Segment Open
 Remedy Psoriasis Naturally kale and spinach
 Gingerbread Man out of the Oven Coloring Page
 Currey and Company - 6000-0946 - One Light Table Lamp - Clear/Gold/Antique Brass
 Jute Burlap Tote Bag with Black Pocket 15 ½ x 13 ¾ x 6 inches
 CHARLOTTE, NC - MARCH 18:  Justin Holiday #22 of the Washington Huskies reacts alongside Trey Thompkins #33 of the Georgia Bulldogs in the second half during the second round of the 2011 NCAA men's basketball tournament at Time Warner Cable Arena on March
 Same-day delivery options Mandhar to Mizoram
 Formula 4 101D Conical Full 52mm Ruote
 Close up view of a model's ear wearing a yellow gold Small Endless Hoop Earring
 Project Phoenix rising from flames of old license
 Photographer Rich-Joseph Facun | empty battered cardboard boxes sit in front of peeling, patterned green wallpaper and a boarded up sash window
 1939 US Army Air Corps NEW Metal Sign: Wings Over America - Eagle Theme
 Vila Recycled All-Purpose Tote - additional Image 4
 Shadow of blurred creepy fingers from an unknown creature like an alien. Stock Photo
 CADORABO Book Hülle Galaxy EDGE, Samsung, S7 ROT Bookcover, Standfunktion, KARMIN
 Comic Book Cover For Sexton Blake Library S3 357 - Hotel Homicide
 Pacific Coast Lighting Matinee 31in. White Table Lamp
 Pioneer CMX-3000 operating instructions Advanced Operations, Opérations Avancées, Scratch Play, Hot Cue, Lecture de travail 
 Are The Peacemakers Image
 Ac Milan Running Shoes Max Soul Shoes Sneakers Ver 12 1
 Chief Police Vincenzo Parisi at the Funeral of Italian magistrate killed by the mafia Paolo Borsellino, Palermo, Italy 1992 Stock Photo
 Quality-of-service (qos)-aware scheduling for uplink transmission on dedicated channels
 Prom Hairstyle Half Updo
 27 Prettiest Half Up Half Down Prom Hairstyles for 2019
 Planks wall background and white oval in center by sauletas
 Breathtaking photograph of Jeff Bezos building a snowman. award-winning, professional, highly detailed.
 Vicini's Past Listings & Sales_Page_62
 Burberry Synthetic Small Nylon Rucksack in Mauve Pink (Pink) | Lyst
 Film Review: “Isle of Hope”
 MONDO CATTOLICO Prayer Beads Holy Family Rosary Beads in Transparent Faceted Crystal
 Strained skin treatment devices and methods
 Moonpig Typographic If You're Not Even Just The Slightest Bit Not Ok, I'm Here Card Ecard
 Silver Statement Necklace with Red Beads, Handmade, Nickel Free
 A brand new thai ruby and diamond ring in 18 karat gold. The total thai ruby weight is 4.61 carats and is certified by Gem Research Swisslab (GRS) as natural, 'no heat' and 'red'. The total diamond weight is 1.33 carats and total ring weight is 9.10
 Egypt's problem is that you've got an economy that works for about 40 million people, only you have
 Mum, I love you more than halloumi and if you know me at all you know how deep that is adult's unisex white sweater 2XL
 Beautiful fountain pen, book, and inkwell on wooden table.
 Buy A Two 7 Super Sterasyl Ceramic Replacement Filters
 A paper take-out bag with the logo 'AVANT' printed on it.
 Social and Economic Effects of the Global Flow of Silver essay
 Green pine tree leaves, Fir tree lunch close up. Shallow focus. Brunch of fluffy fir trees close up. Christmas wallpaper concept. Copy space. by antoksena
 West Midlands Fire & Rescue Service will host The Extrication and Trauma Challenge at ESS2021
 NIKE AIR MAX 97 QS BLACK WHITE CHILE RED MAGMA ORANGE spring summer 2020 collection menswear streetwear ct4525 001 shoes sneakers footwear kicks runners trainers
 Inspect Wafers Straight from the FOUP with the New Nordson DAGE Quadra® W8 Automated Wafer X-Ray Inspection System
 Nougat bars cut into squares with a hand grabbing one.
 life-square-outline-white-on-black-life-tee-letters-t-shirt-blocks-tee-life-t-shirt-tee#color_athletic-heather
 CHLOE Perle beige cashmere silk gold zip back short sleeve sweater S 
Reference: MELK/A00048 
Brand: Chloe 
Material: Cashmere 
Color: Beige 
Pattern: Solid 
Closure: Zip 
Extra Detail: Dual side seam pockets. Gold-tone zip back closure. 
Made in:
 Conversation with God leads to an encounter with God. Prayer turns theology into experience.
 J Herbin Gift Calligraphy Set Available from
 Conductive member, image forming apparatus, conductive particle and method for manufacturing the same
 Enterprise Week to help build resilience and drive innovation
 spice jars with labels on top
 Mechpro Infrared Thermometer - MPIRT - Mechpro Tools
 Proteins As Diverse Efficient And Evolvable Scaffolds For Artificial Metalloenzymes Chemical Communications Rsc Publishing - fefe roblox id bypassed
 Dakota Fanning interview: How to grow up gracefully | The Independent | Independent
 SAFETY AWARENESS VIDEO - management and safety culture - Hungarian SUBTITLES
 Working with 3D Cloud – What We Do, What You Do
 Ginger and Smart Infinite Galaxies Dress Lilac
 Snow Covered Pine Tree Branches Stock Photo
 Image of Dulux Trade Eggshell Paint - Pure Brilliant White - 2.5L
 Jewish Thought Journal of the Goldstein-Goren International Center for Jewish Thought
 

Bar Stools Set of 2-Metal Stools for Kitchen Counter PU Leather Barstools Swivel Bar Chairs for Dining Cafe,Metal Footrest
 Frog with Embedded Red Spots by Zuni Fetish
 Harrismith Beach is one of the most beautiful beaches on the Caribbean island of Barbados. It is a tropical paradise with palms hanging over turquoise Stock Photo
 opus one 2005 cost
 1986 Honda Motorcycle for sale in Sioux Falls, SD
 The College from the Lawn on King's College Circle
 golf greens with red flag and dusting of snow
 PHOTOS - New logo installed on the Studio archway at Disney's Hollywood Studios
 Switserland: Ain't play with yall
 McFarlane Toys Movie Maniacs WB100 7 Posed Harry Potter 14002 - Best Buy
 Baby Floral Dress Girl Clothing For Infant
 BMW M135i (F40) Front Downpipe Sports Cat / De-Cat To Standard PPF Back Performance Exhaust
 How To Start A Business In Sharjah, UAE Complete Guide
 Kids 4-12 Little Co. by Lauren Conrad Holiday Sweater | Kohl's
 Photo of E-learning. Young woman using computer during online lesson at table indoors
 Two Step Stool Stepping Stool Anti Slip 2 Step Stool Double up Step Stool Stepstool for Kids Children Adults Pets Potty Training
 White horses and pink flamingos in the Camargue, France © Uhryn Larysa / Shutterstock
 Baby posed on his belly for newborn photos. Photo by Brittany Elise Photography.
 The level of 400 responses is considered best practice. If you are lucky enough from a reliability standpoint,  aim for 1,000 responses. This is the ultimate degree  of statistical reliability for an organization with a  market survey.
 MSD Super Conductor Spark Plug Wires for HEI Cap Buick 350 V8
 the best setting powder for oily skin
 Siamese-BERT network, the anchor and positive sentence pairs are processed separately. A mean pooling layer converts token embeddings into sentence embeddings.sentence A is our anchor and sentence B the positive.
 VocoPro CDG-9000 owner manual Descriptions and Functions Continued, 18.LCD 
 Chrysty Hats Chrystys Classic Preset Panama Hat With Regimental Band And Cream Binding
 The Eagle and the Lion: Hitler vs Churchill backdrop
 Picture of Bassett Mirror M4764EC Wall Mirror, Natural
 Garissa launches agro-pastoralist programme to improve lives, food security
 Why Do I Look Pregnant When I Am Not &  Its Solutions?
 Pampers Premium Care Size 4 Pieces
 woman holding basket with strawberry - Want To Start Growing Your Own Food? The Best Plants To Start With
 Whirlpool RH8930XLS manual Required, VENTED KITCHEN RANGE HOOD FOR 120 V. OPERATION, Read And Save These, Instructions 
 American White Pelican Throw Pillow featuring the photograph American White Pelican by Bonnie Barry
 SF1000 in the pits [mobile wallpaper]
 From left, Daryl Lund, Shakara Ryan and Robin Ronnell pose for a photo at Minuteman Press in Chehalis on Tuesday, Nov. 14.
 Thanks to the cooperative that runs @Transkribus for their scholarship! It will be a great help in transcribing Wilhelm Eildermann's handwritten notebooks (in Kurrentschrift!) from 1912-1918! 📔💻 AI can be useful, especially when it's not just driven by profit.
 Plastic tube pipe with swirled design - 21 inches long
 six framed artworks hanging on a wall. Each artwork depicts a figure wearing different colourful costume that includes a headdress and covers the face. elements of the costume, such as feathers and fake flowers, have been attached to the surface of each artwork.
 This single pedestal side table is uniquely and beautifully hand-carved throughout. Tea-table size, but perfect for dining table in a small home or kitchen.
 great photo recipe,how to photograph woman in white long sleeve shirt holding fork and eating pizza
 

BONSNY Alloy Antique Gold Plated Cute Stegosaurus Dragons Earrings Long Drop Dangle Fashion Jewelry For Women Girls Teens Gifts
Segment Closed
• [Exercise requirements]
Locate the word "Prom" in the data above. Copy every line carrying it.

• [Result]
 Prom Hairstyle Half Updo
 27 Prettiest Half Up Half Down Prom Hairstyles for 2019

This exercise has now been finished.